Have there been any notable meteotsunamis in the Great Lakes in recent years? Yes, according to the new research, in 2014 a Lake Superior meteotsunami overtopped the Soo Locks, impacted shipping operations and caused evacuation of some homes in Sault Ste. Marie, Ontario. And the NOAA report documented another one in 2012 off Cleveland, Ohio, knocking people on the beach off their feet and swamping boats in harbors.
What does it take for thunderstorms to form meteotsunamis in the Great Lakes? Usually, situations which cause these tsunamis are a long line formation of thunderstorms or an organized grouping of long-lasting thunderstorms. The highest probability of occurrence of these convective events is during the late-spring to mid-summer timeframe, with April and May being the highest probability months.
Researchers used the NOAA water level gauges in the Great Lakes to analyze causes and frequency by detailed analysis of these long-term water level records. Results indicated an overall average of 106 meteotsunami events per year throughout the entire Great Lakes basin with Calumet Harbor, Ill., on Lake Michigan having the most frequent (29 per year) followed by Buffalo, New York, on Lake Erie (17 per year) and Alpena, Mich., on Lake Huron (14 per year). Of the 5 Great Lakes, Lake Michigan had the highest frequency of meteotsunamis at 51 per year, followed by Lake Erie (27/year); Huron (17/year), Superior (6/year) and Ontario (5 /year).
How are seiches in the Great Lakes related to meteotsunamis? Time of duration is a key. Seiches result when strong winds and rapid changes in atmospheric pressure push water from one end of the lake to the other. The water rebounds to the other side of the lake when the wind stops. As a result the water then continues to oscillate back and forth for hours or possibly even days. The time period between the “high” and “low” of a seiche can be as much as four to seven hours. Contrast this with waves that are generated by meteotsunamis in a matter of minutes. It is quite possible some reported seiches have actually been meteotsunamis.

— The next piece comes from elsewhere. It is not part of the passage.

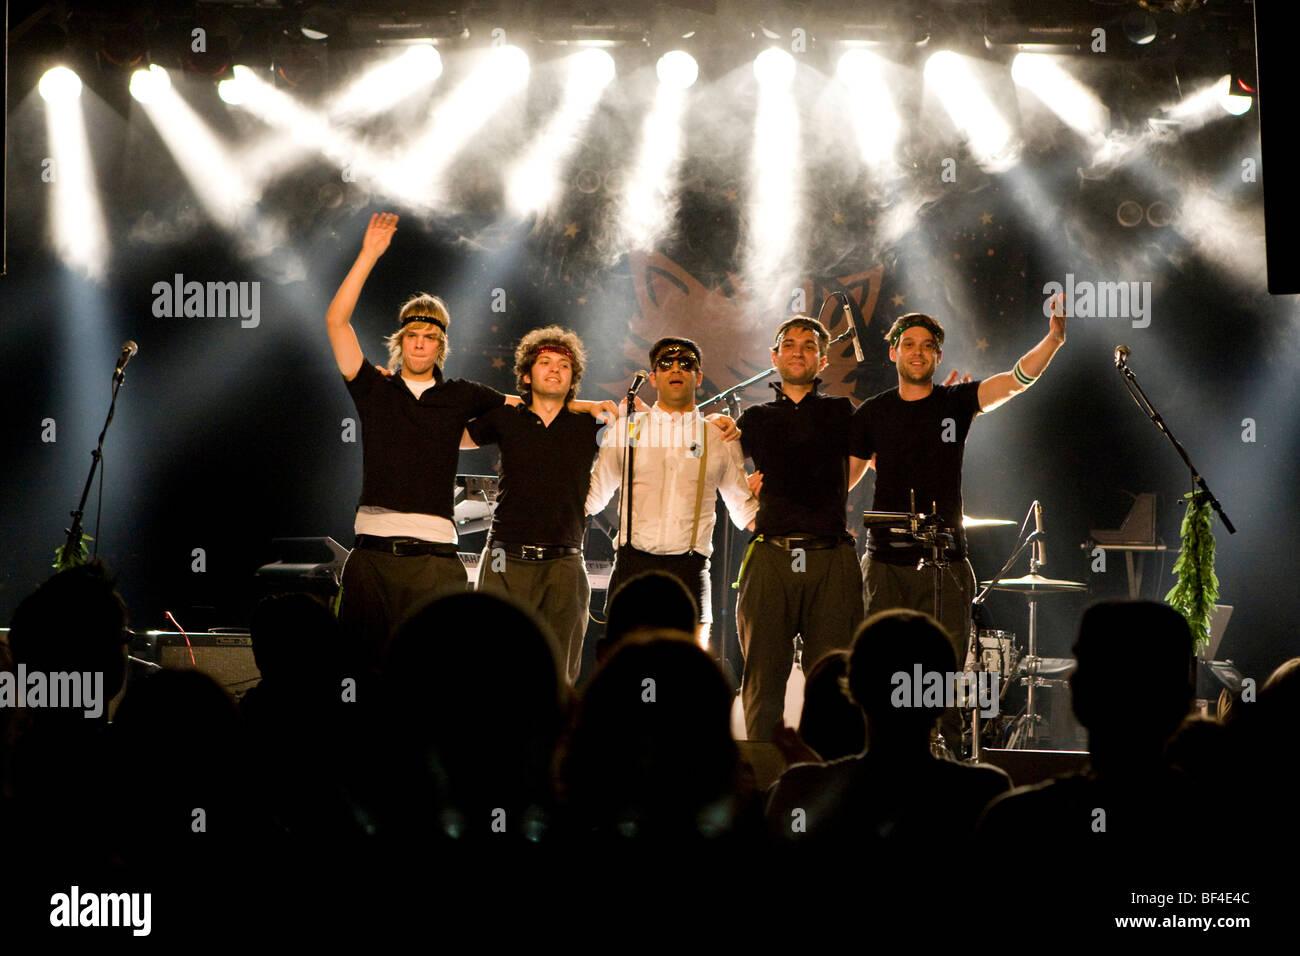 La band tedesca timida Tiger live in Schueuer concert hall, Lucerna, Svizzera Immagini Stock

While water level changes are dealt with by coastal communities as part of their resilience planning, this research found that waves generated by meteotsunamis are not considered in planning or design along the Great Lakes coasts and the available forecast models are not sufficient for public safety efforts. It seems this research has also shown the value and need for continued monitoring of existing Great Lakes water level gauges and possibly even additional ones in the future. Coastal communities that might be impacted need to understand what meteotsunamis are and the potential risk they pose to human safety, infrastructure and resilience.